On Friday 18 January 2008, Tim Schmidt wrote:
On Jan 18, 2008 1:06 PM, Tomas Kuliavas tokul@users.sourceforge.net wrote:
Zimbra is commercial groupware suite. SquirrelMail is free webmail application. You are suggesting to replace whole user's email system with some proprietary locked product.
There's an (at least in name) FOSS version of Zimbra... but eeew. I am tasked with the unfortunate duty of admining a machine running Zimbra and I can say it's not worth the trouble. Unless you like Java processes that gobble 2Gb of ram like cookies, that is.
On my server, the mysqld which runs the backend for Zimbra is taking up 0.4GB virtual, while Tomcat takes 1.1GB virtual. So don't bash Java just yet, as the "old school" DB server is taking up 1/4th of the system's virtual memory.

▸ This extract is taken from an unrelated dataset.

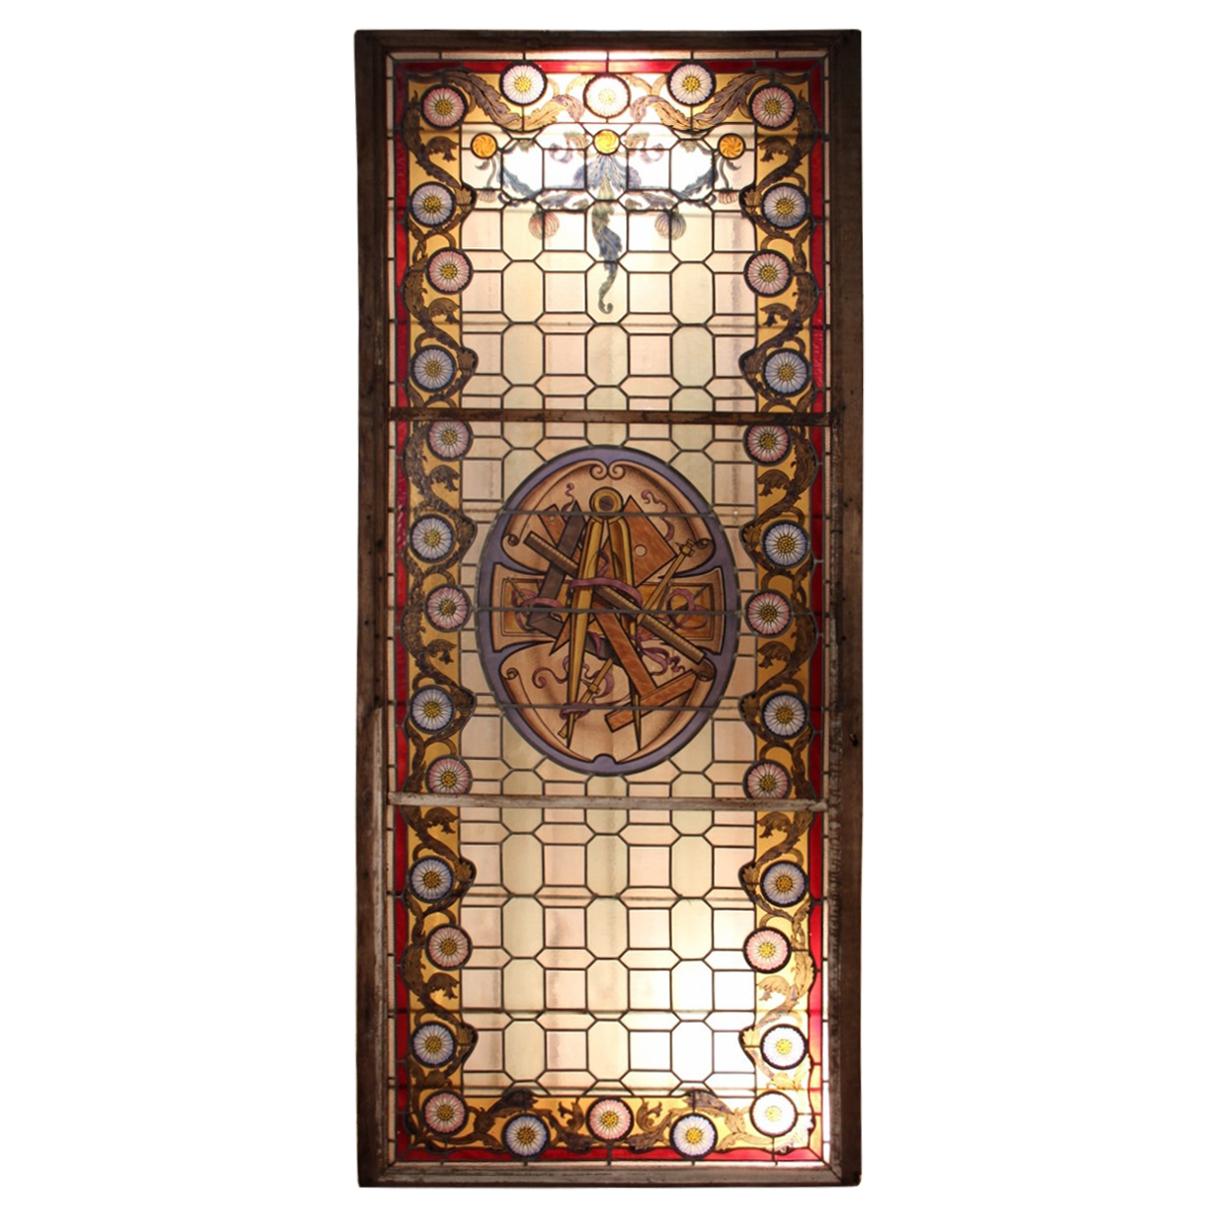 Large Masonic Stained Glass Signed from Champigneulle

I don't really have much (or anything) in the way of problems with Zimbra. It uses the same ldap server for authentication as pam (ssh, etc) and samba, works pretty well with firefox, IE7 and IE6 with the service pack, and generally looks pleasant to the users.
There's no other equally functional solution out there that would be any better. I did my searching. Scalix took ages for me just to figure out how to set it up (they think that out-of-the-box functionality is an option, and that misleading or outright wrong documentation is OK), and besides those two there's really nothing else for a mostly OSS shop to deploy.
Having run squirrel for a 5+ years, and some of the most annoying bugs remaining unfixed (say support for national characters that actually works in real life), I just gave up.